• Input data:

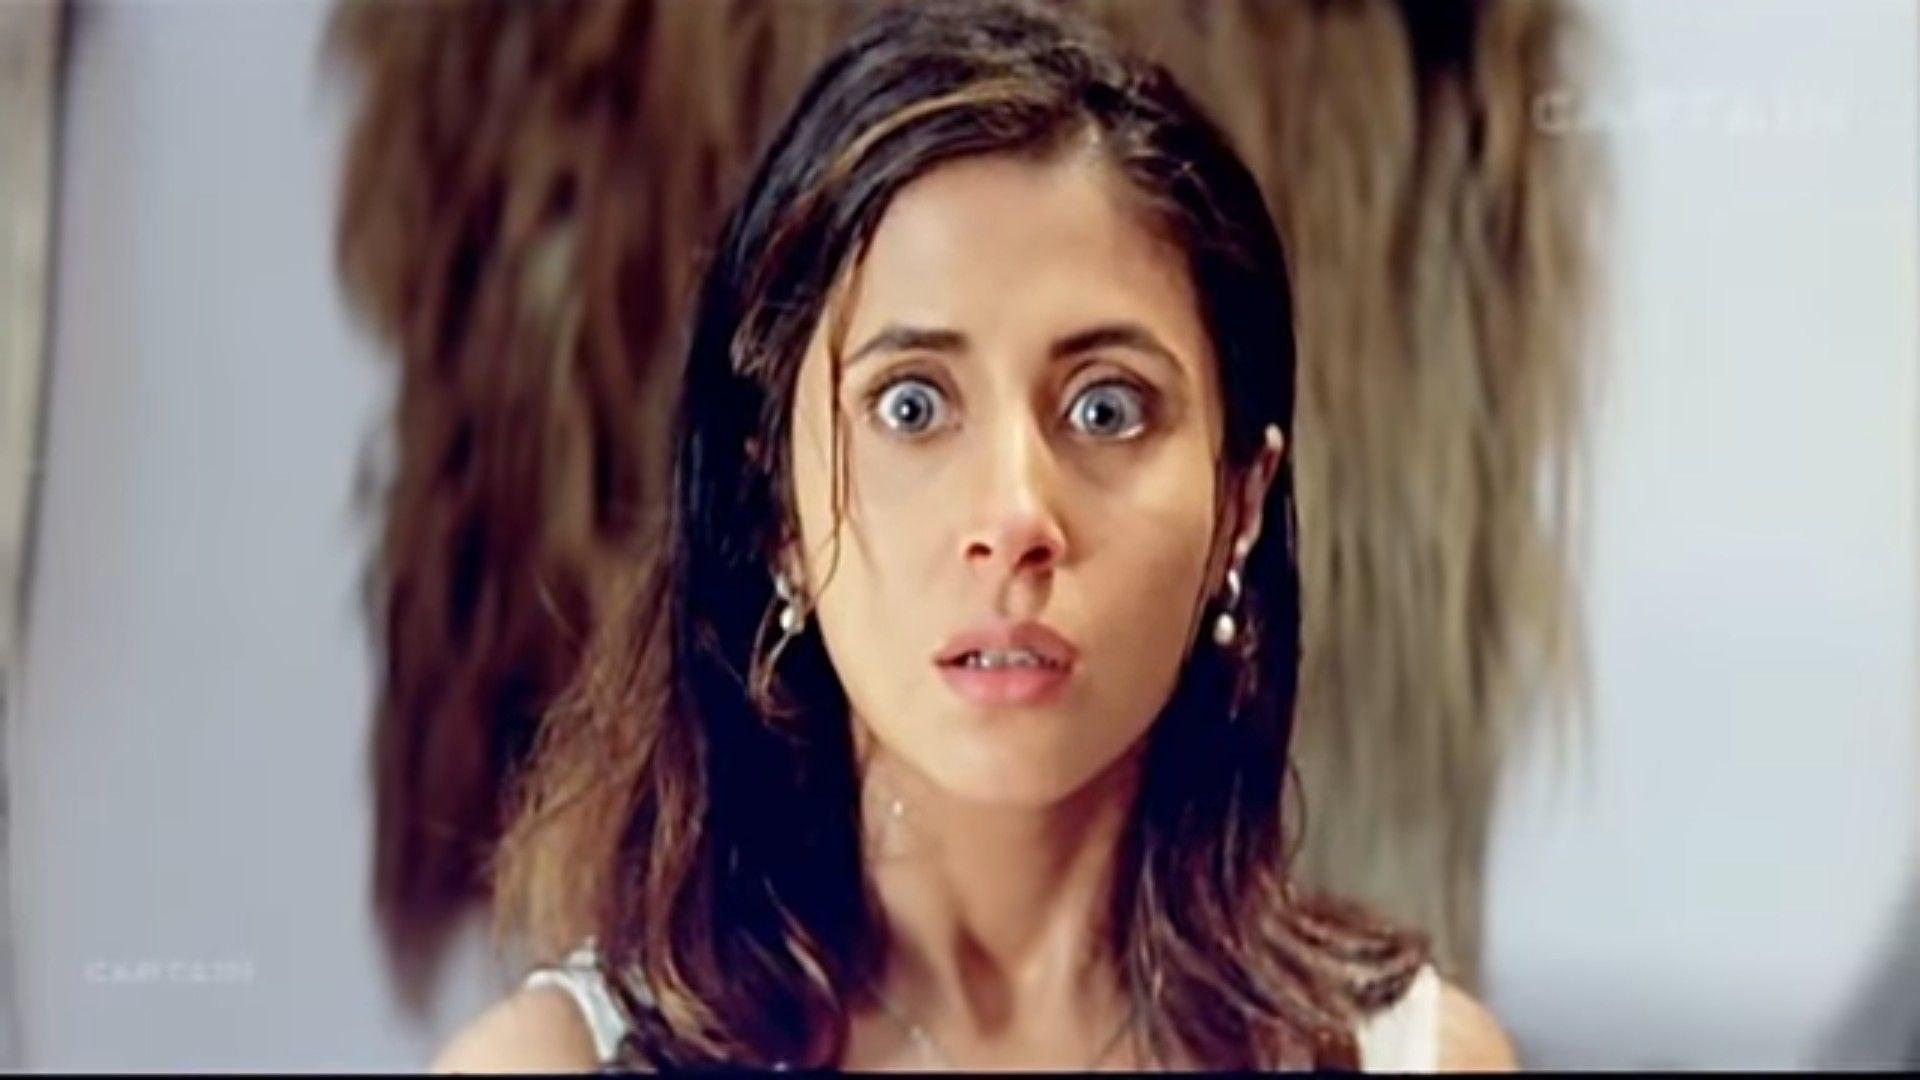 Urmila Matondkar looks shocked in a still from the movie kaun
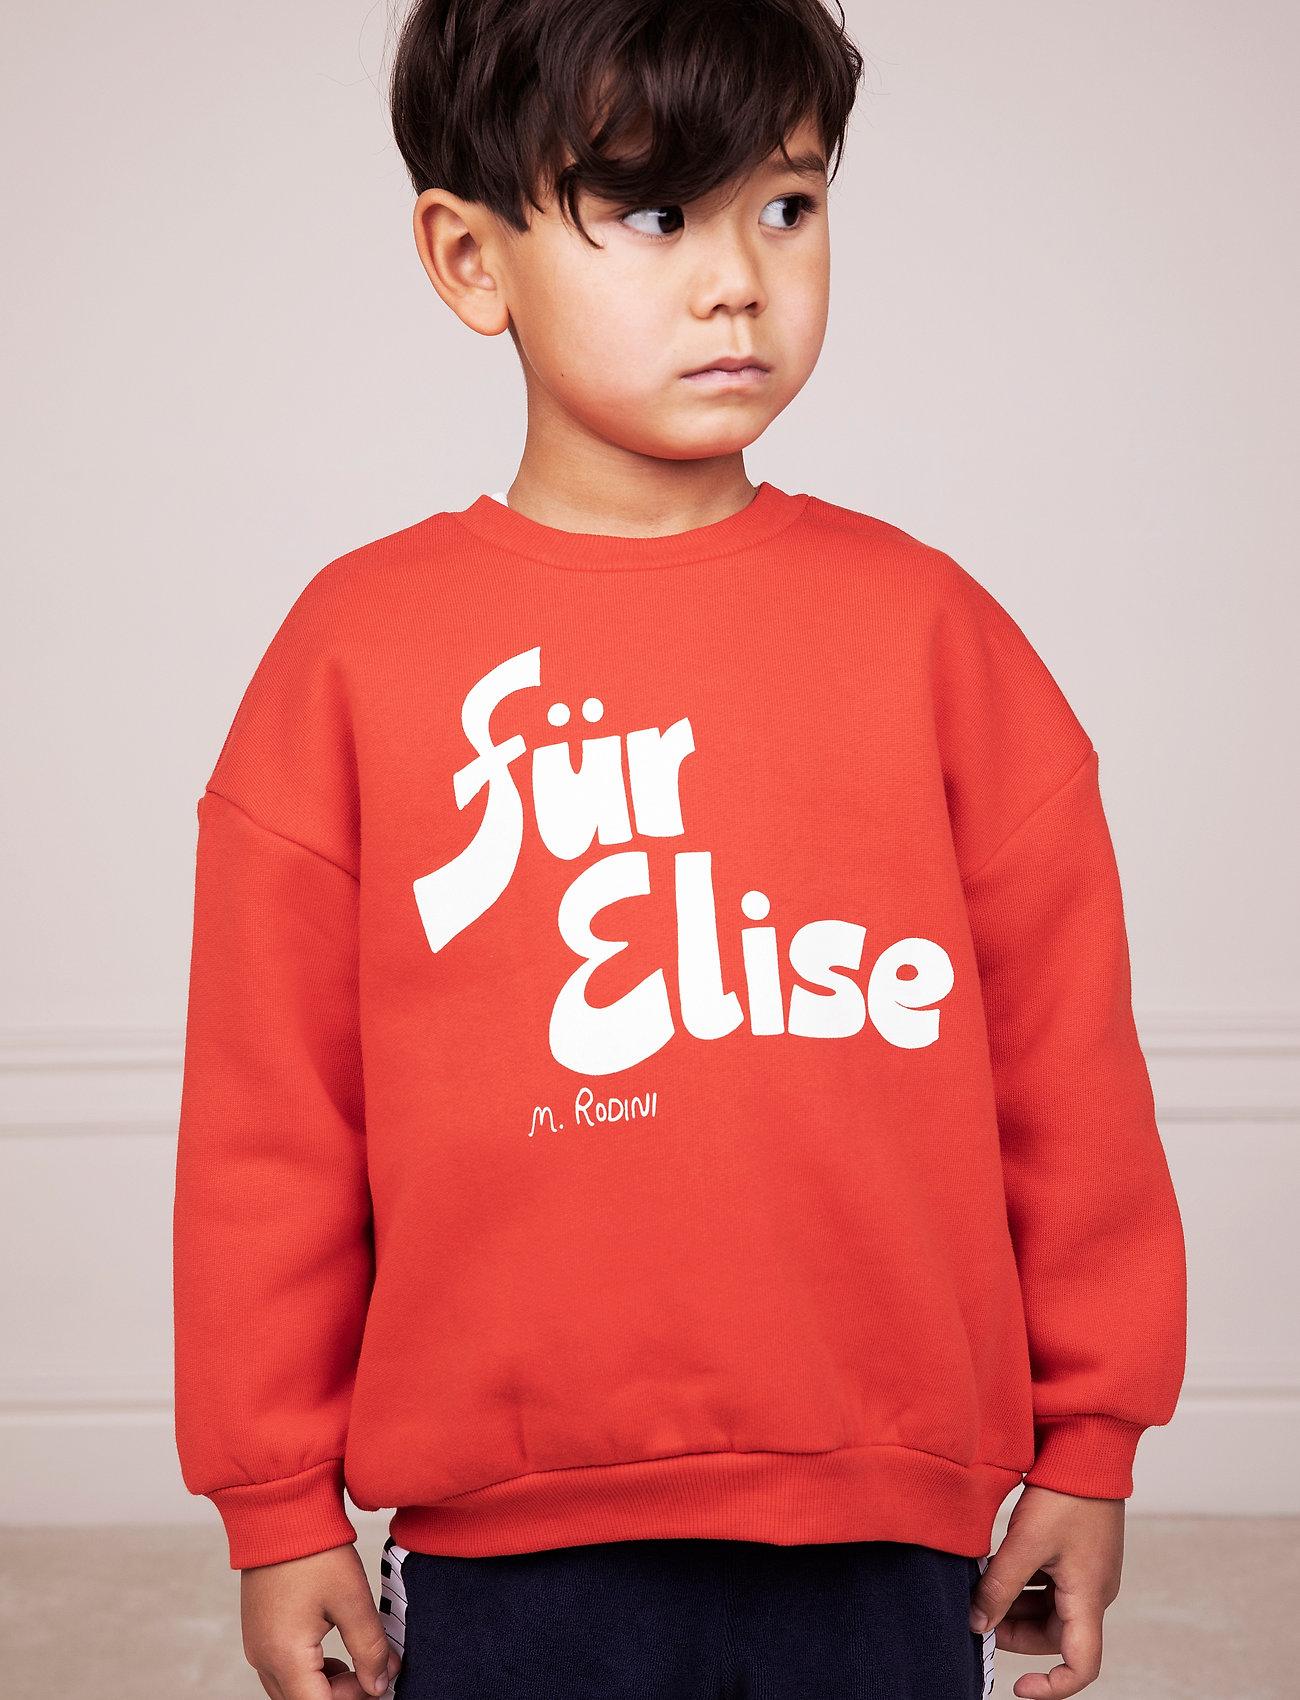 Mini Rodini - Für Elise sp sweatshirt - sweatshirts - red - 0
* * *
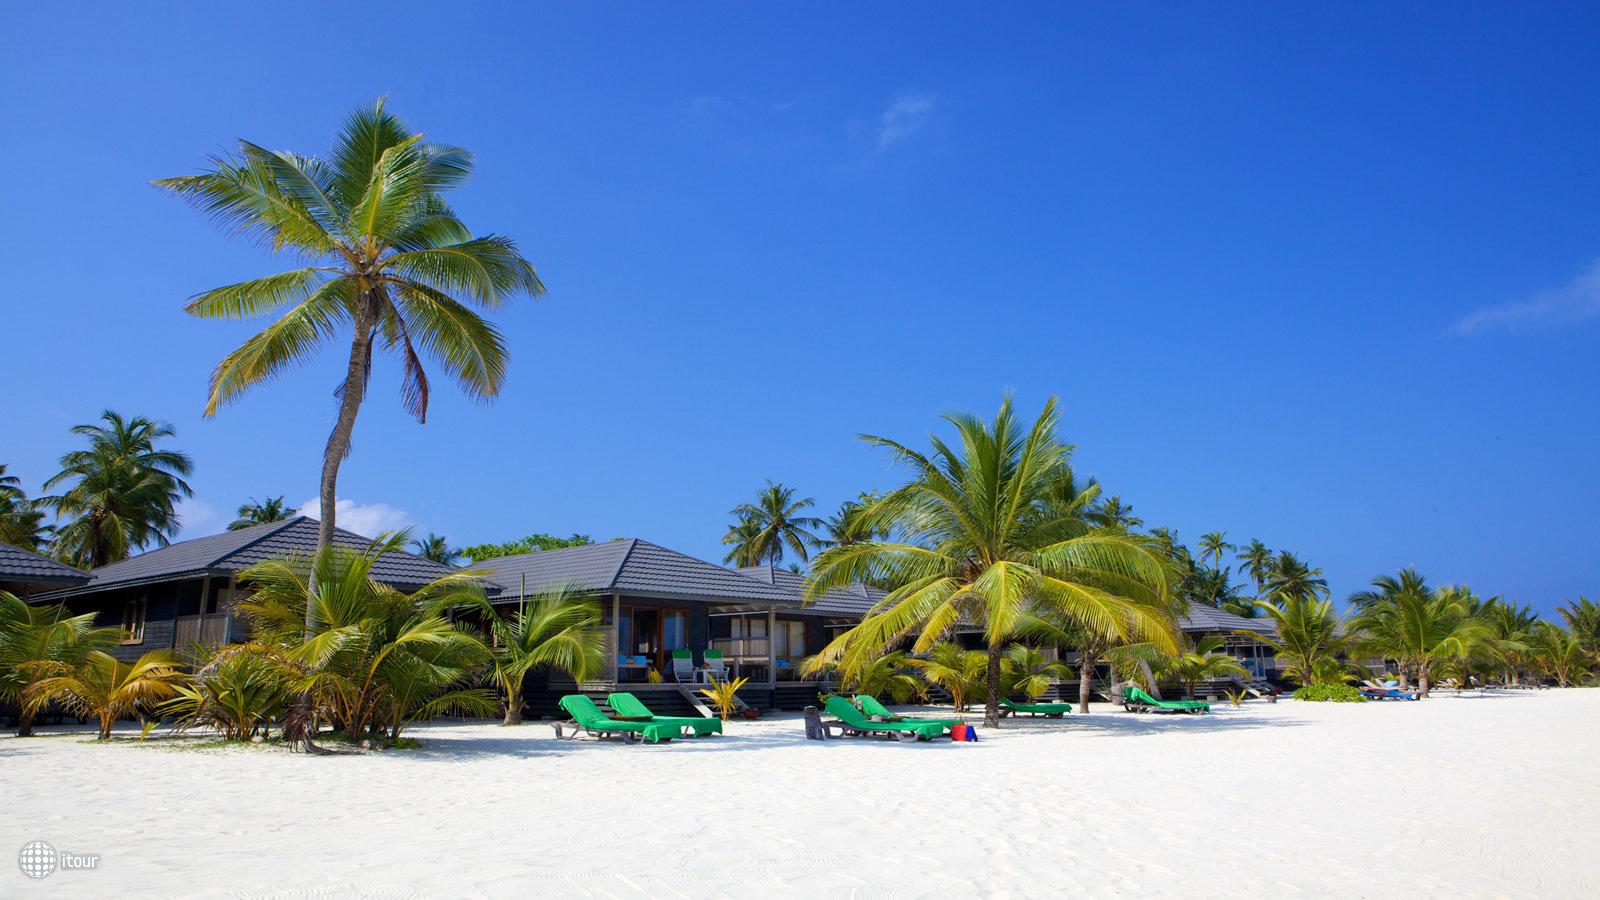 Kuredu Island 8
==
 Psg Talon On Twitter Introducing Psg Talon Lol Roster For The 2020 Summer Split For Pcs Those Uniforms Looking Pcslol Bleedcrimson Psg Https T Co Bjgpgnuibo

• Exercise brief: Using the material above, transcribe exactly the lines from the one holding "Urmila Matondkar looks" to the one holding "Mini Rodini - Für", both ends kept. Do not carry over any pictures.

• Solution to the exercise:
 Urmila Matondkar looks shocked in a still from the movie kaun
 Mini Rodini - Für Elise sp sweatshirt - sweatshirts - red - 0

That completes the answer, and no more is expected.